> For clean Markdown of any page, append .md to the page URL.
> For a complete documentation index, see https://docs.nvidia.com/nemo/automodel/llms.txt.
> For AI client integration (Claude Code, Cursor, etc.), connect to the MCP server at https://docs.nvidia.com/nemo/automodel/_mcp/server.

# nemo_automodel.components.speculative.regenerate

Regenerate dataset answers with the EAGLE target model.

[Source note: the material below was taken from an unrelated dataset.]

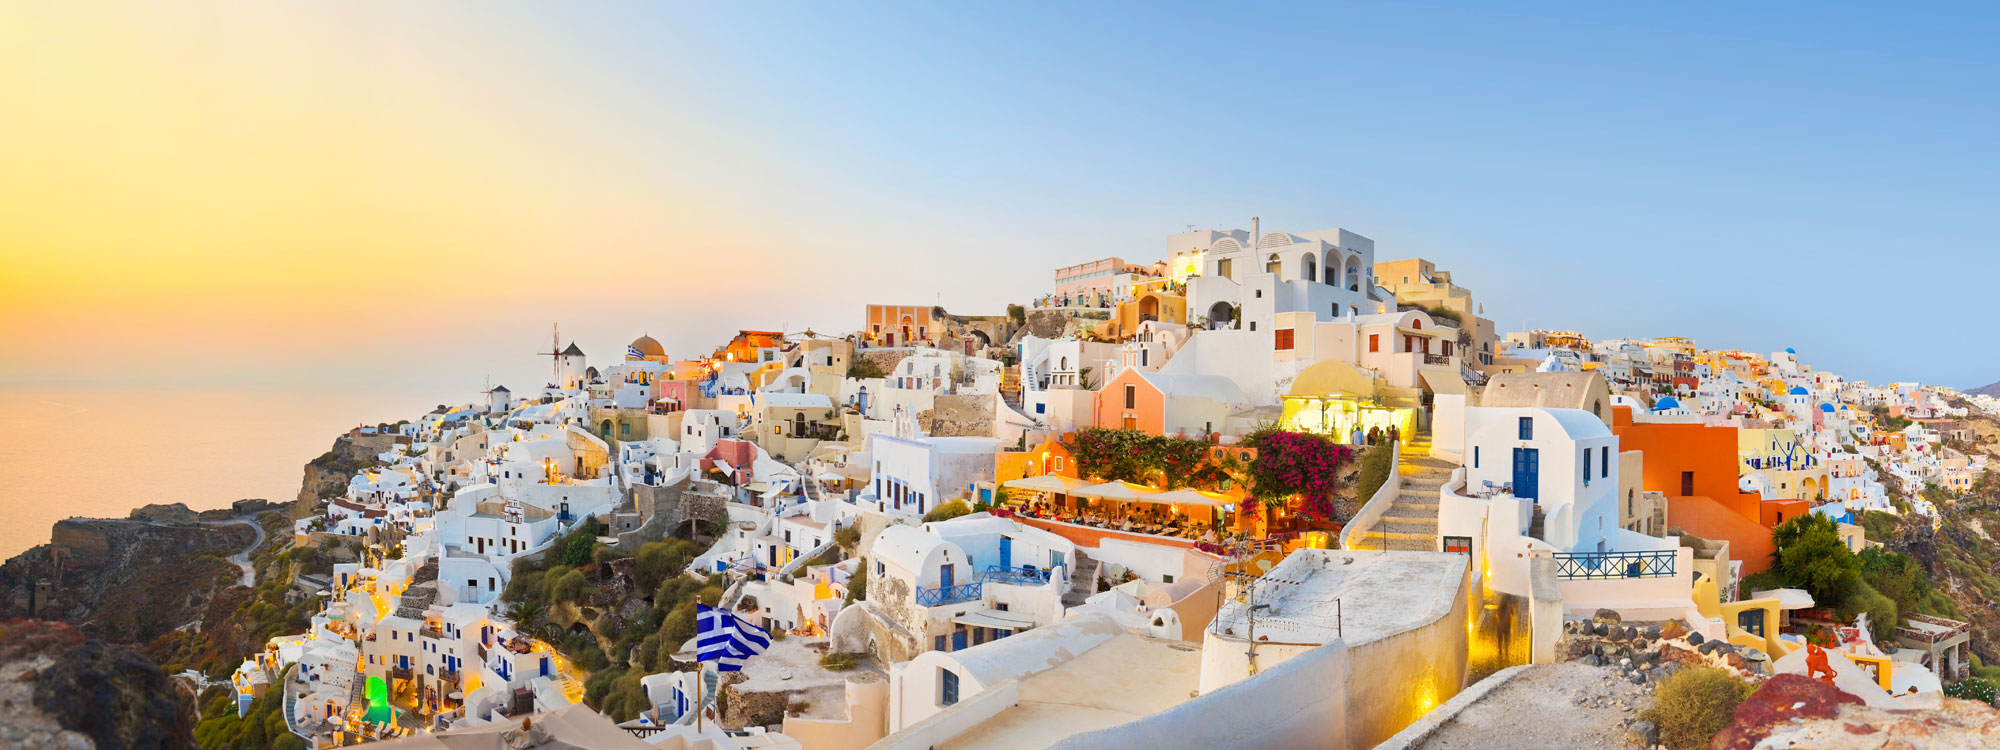 Sommerurlaub in Griechenland - jetzt günstig buchen

EAGLE drafters learn best when the supervised assistant turn is produced by
the *same* model that will serve as the inference target. Many public chat
datasets were generated by other models, so the assistant tokens they contain
are off-distribution for the drafter. This script takes such a dataset,
strips the trailing assistant turn from each sample, replays the remaining
`[system, user, ...]` context against a target model running behind an
OpenAI-compatible SGLang server, and writes a new dataset whose
`messages` column ends with a freshly-generated assistant turn.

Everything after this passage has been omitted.